We aim to develop a comprehensive multimodal foundation model capable of handling a wide range of tasks across diverse modalities, including text, image, and video understanding and generation. The model will be designed for easy adaptation to various downstream applications and scenarios.

Our research will focus on advancing the architecture of the foundation model, optimizing multimodal training algorithms, improving inference accuracy and efficiency, and exploring real-world applications.

Multimodal Foundation Model Architecture

Autoregressive and diffusion models excel in different domains: discrete and continuous data generation, respectively. In this work, we integrate them into a unified LLM-like architecture for multimodal generation. Specifically, we switch the attention mask to be bidirectional among image tokens, and perform the multi-step denoising process to generate an image. With this strategy, we not only simplify the model structure, but also allow the model to attend to the whole context during generation, ultimately leading to substantial performance improvements.

Openstory++ : A Large-scale Dataset and Benchmark for Instance-aware Open-domain Visual Storytelling

We introduce Openstory++, a large scale dataset combining additional instance-level annotations with both images and text. This dataset can be utilized to train multi-modal generated models, allowing for the training of instance-focused story visualization models. Furthermore, we develop a tailored training methodology that emphasizes entity-centric image-text generation, ensuring that the models learn to effectively interweave visual and textual information.
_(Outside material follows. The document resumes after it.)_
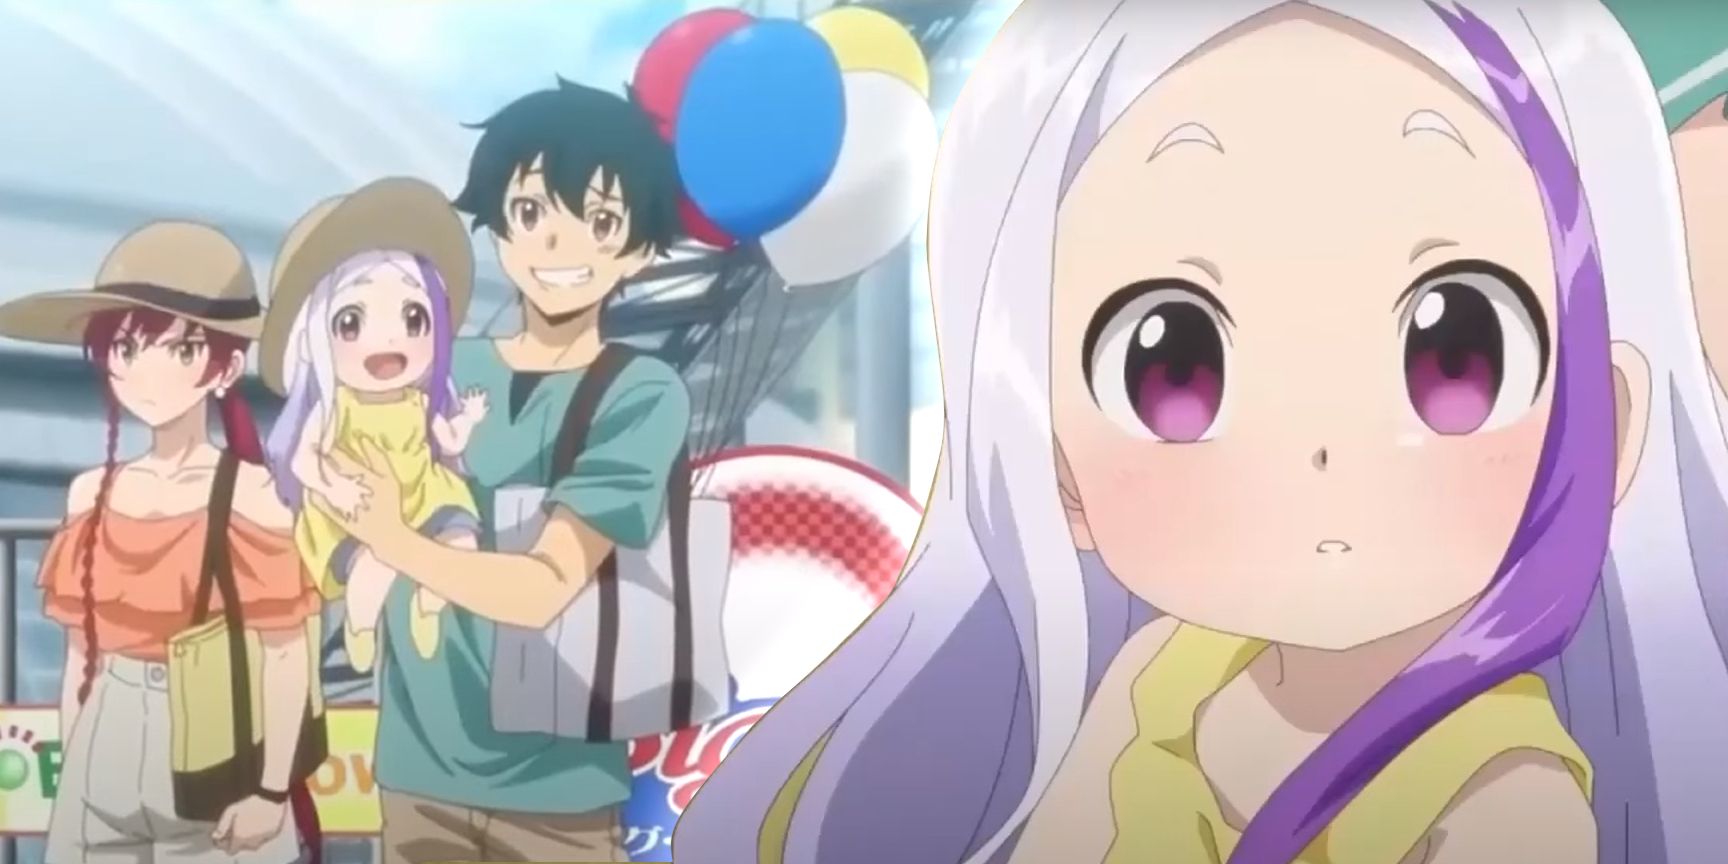 New character in the latest episode of The Devil is a Part-Timer

Specifically, Openstory++ streamlines the process of keyframe extraction from open-domain videos, employing vision-language models to generate captions that are then polished by a large language model for narrative continuity.

When Images Speak Louder: Mitigating Language Bias-induced Hallucinations in VLMs through Cross-Modal Guidance

We analyze how language bias contributes to hallucinations in VLMs and then introduce Cross-Modal Guidance (CMG), a training-free decoding method that addresses the hallucinations by leveraging the difference between the output distributions of the original model and the one with degraded visual-language attention. In practice, we adaptively mask the attention weight of the most influential image tokens in selected transformer layers to corrupt the visual-language perception as a concrete type of degradation. Such a degradation-induced decoding emphasizes the perception of visual contexts and therefore significantly reduces language bias without harming the ability of VLMs.